Corporate taxpayers are thus advised to revisit the application of section 23M to interest paid when the revised rules become effective, which is linked to the date from which a reduced headline corporate tax rate will apply to the relevant company.

Strangely, the fact that the application of these revised rules will only come into effect when the headline corporate tax rate is reduced is positioned as a concession of sorts, but this was always the intention. What is perhaps implicit in this message is that the headline corporate tax rate will not be reduced next year as announced in the 2021 Budget Speech.

Restricting the ability to offset an assessed loss carried forward against taxable income arising in a year

The ITA currently allows corporate taxpayers to carry forward an assessed loss indefinitely with the only requirement being that it should continue to trade.  However, the Draft 2021 Bill proposed that this be restricted for tax years commencing on or after 1 April 2022 to the effect that only 80% of taxable income arising in a year can be offset by an assessed loss.

To illustrate, if Company A has an assessed loss of R2,000,000 carried forward and makes taxable income of R1,100,000 in the year then, in terms of the proposed restriction, only R880,000 (80% of R1,100,000) of that income can be offset by the assessed loss. Company A will then pay tax on R220,000 and will carry forward an assessed loss of R1,120,000 to the following tax year.
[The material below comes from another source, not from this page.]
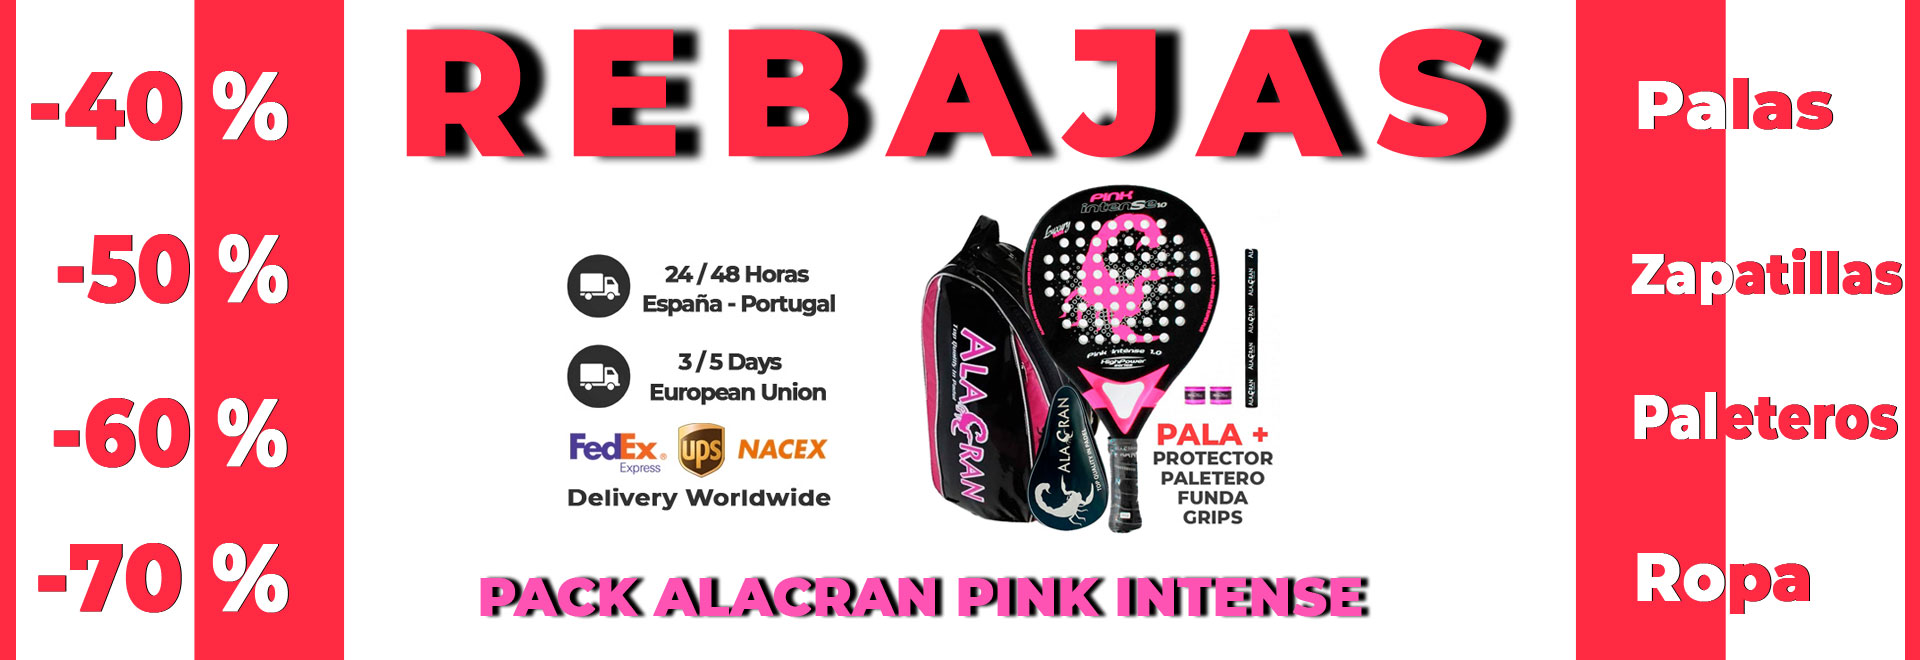 18 pack pink alacaran

The overall aim of this proposal, being to provide some leeway for a reduction in the headline corporate tax, is generally appreciated by the tax paying public but concerns were raised that the timing of this restriction may be unfortunate as it will likely burden many businesses still trying to recover from the effects of the COVID-19 pandemic. These concerns were acknowledged, and a concession has thus been made to introduce a de minimis threshold before the restriction applies. In terms of the Final 2021 Bill then a company can offset the higher of R1,000,000 or 80% of taxable income by an assessed loss.

Applying this de minimis threshold to the example above, Company A can offset the higher of R1,000,000 or R880,000 (80% of R1,100,000) by the assessed loss of R2,000,000. Company A will then pay tax on R100,000 and will carry forward an assessed loss of R1,000,000 to the following tax year.

Finally, the fact that effective date of the revised rules will ultimately be linked to the same date that a reduced headline corporate tax rate applies was again positioned as a concession here, but this was always the intention. This again implies that a reduction of South Africa’s headline corporate tax rate will not occur next year. as promised by the Minister of Finance in this year’s Budget Speech and, while this may help to settle some accounting scores regarding whether a rate change should have been applied for deferred tax purposes, South Africa’s high corporate tax rate arguably remains a deterrent for investors and out of sync with global trends.